**How to complete this task**
Output range, inclusive: from the line containing "The blouse has" to the line containing "Lightly padded shoulders (pads can be cut out". Restate those lines from the data below word for word and only those.

**Materials provided**
Segment Open

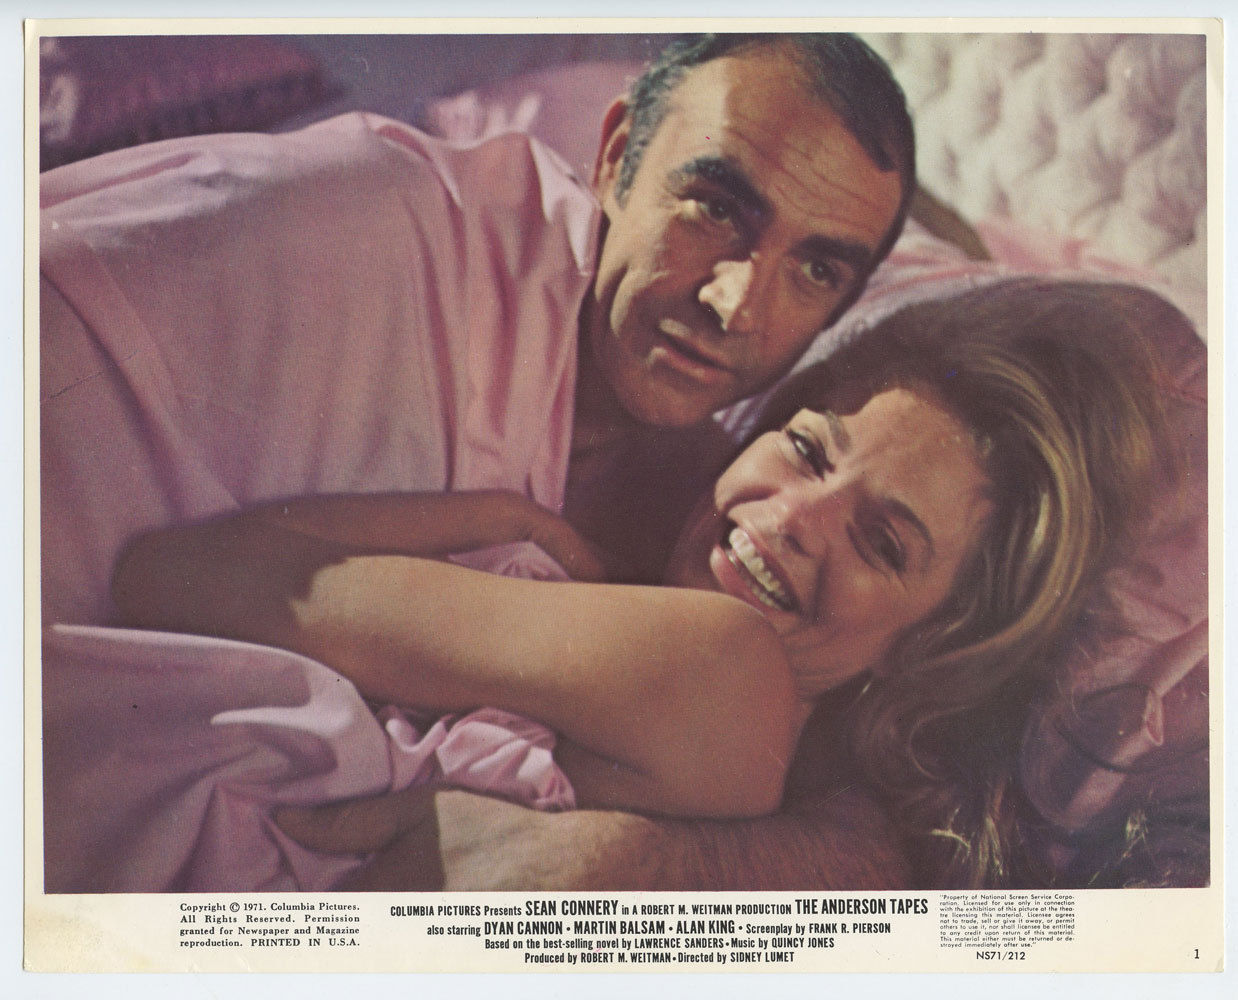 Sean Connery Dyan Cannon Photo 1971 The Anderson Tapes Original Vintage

Segment Closed
Segment Open

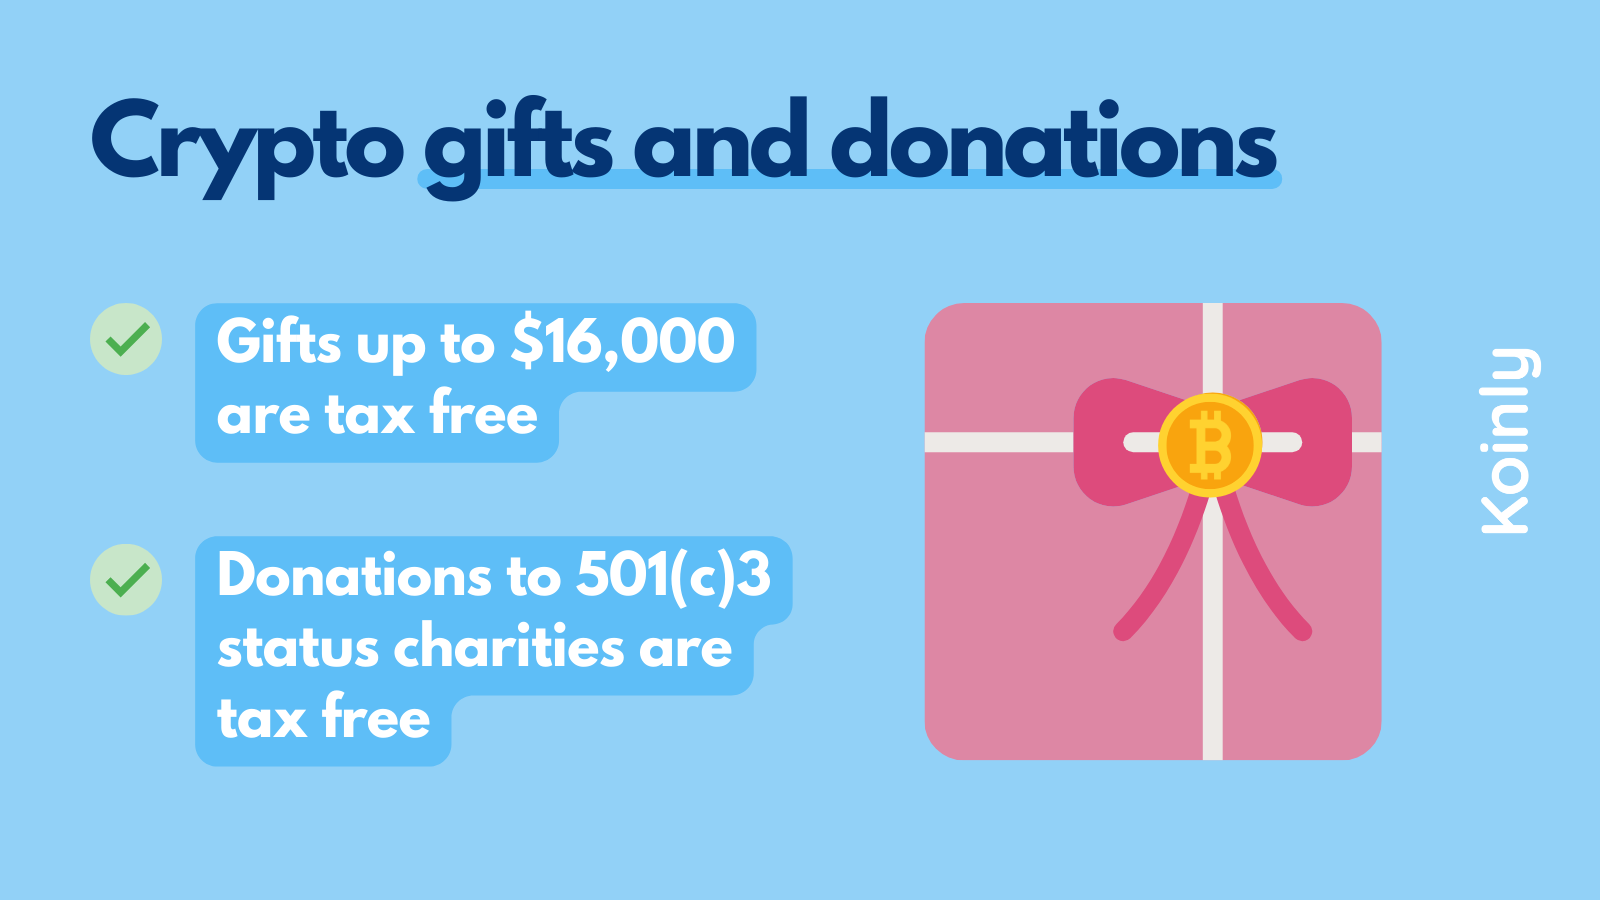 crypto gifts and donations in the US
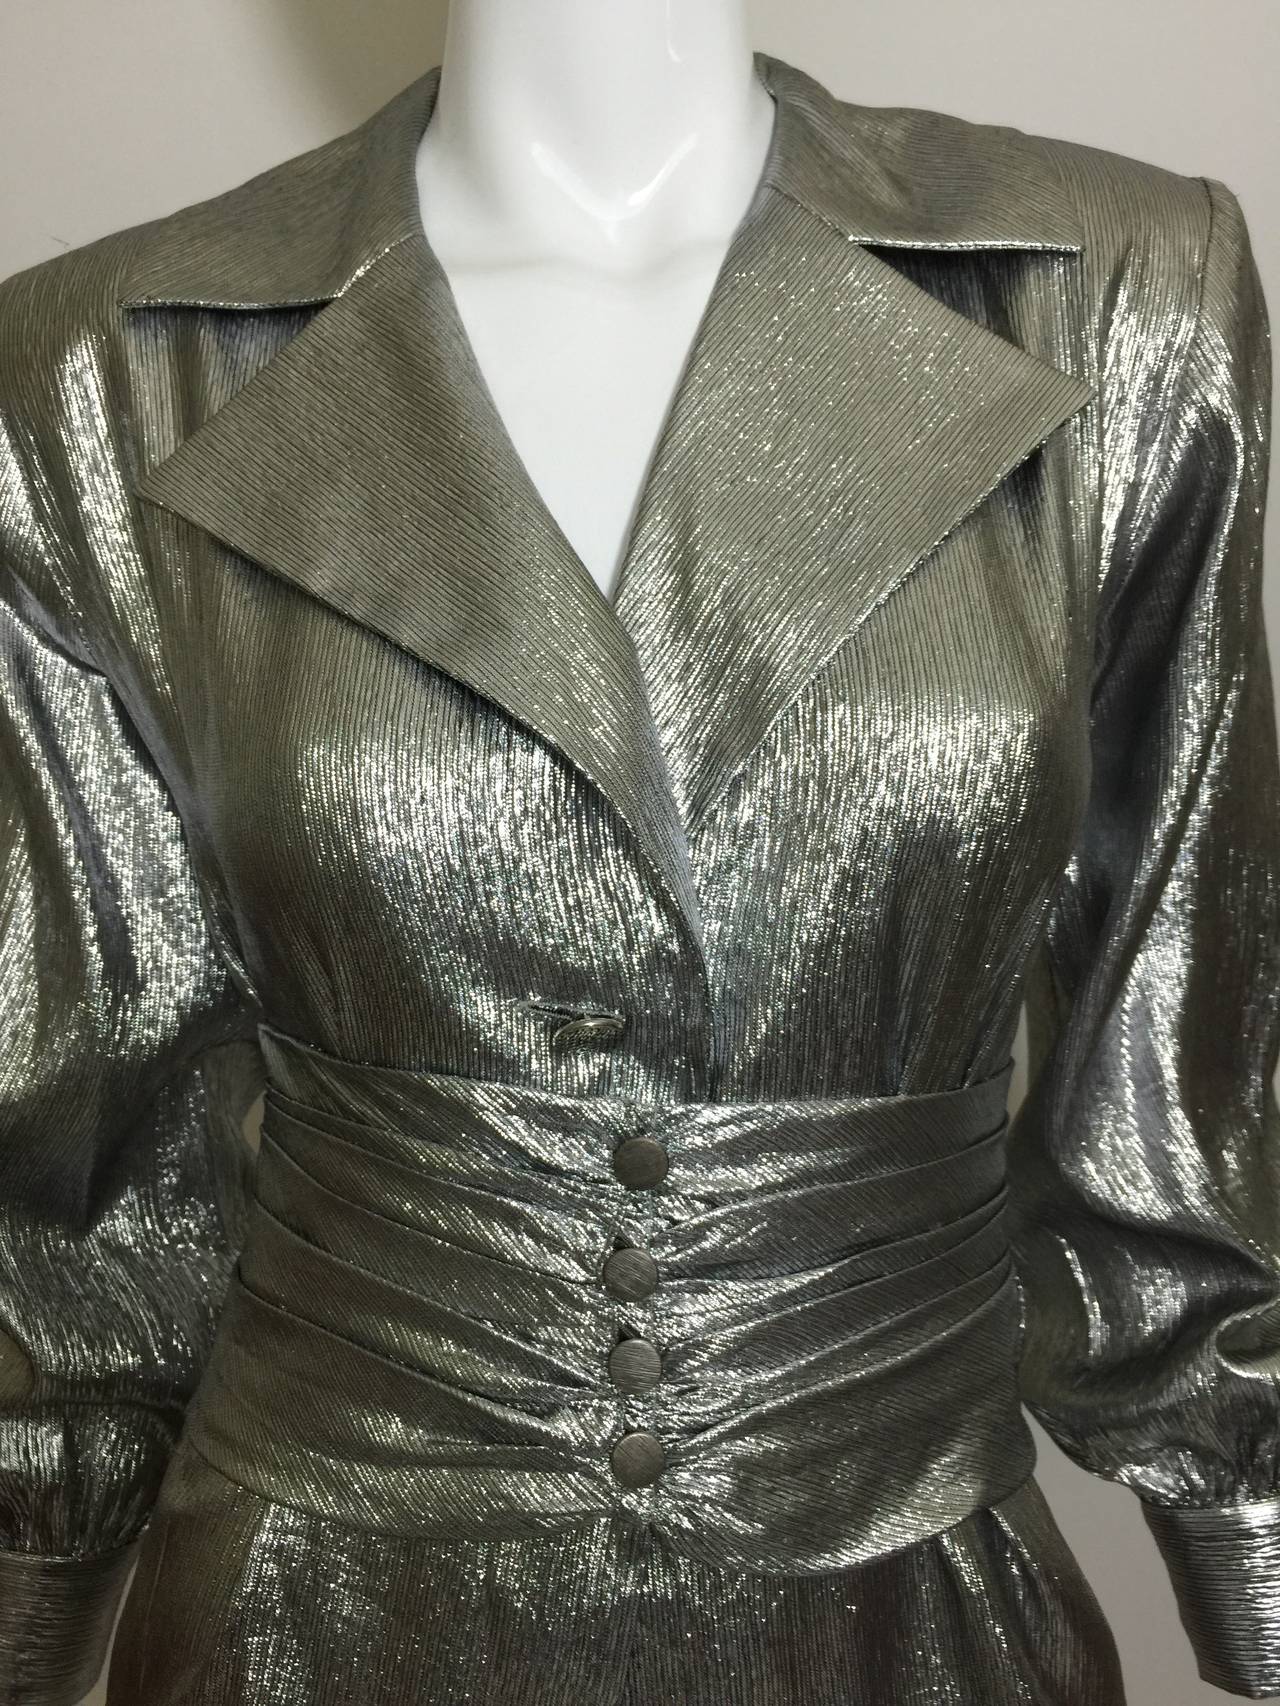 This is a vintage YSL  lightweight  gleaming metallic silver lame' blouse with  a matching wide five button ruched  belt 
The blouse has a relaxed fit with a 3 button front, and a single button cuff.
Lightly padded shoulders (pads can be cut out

Segment Closed

**Written response**
The blouse has a relaxed fit with a 3 button front, and a single button cuff.
Lightly padded shoulders (pads can be cut out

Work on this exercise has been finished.